L’analyse, vivante et approfondie, s’exerce de manière transverse, car l’auteur l’illustre en faisant appel aussi bien à des exemples littéraires, aux recherches menées par des philosophes et des sociologues qu’aux commentaires d’architectes. Dans tous les cas, il explique que ces dispositifs aboutissent à l’enfermement et à l’assujettissement de l’individu, pour reprendre ses propres termes, tant ils s’intègrent dans une vision étroite de l’urbain, conditionnée par des paradigmes liés à une société figée dans un modèle capitaliste (« Après l’aliénation par le travail industriel […], il nous faut nous préoccuper de l’aliénation spatio-temporelle »).
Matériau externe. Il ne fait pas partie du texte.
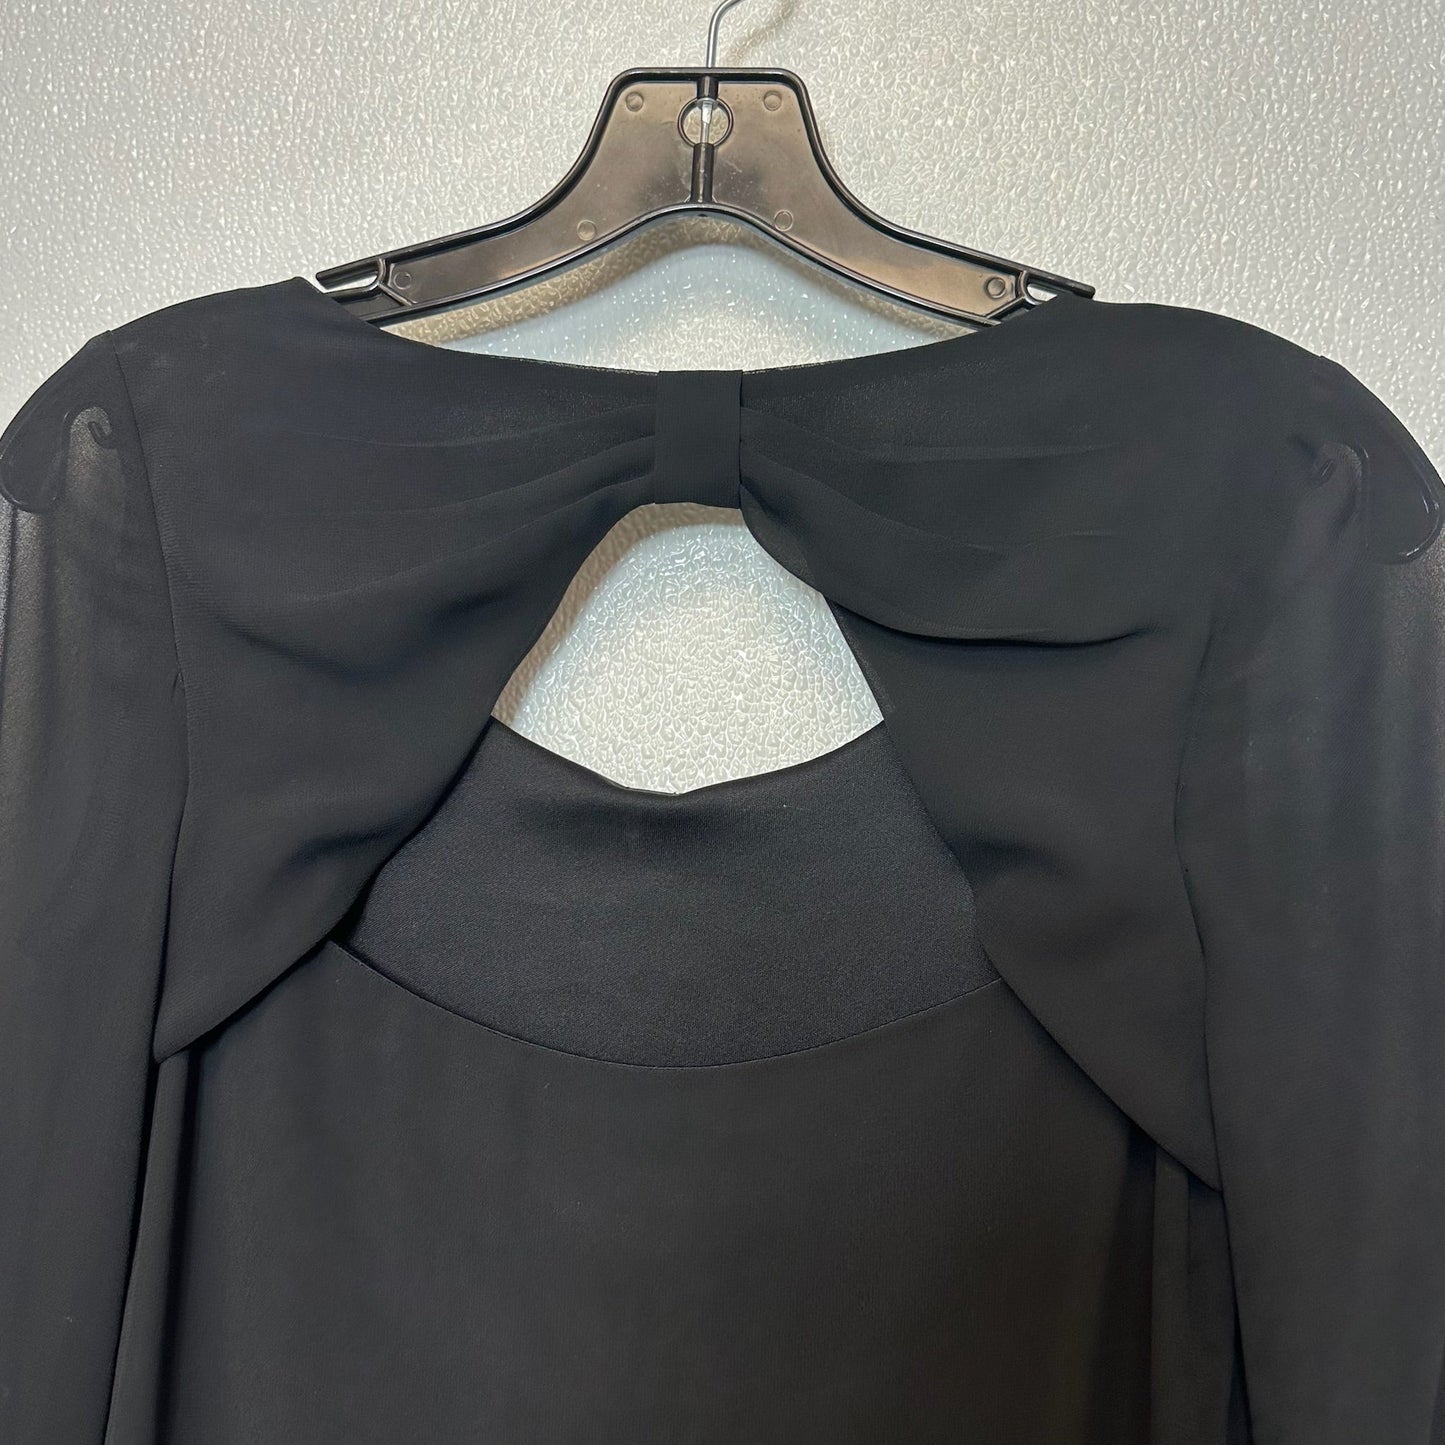 Black Dress Casual Short Bcx, Size S

Metz Borny (j’y ai vécu deux ans quand j’avais 15 ans), photo du Républicain Lorrain
Metz Borny (j’y ai vécu deux ans quand j’avais 15 ans), photo du Républicain Lorrain

Le grand ensemble :
« On s’y enferme ; on ne partage ensemble, avec ses voisins, que la nuisance sonore, les cages d’escaliers mal entretenues, les ascenseurs poussifs et régulièrement en panne, les espaces verts lépreux, les parkings anxiogènes, lesjeunes (en un seul mot) qui s’approprient le hall d’entrée, parlent fort, vident des bières, traficotent, se moquent des autres.
Le grand ensemble résulte d’un urbanisme de rupture et d’une architecture sans qualité. »
Il partait certes de bonnes intentions et répondait à une nécessité, mais dans sa conception même, ce sont les aspirations des habitants qui ont été négligées : « Ces aspirations – au silence, à la beauté, à la halte, à la familiarité, à la dignité, etc. – échappaient à l’économique et concouraient au déploiement de la singularité de chacun. »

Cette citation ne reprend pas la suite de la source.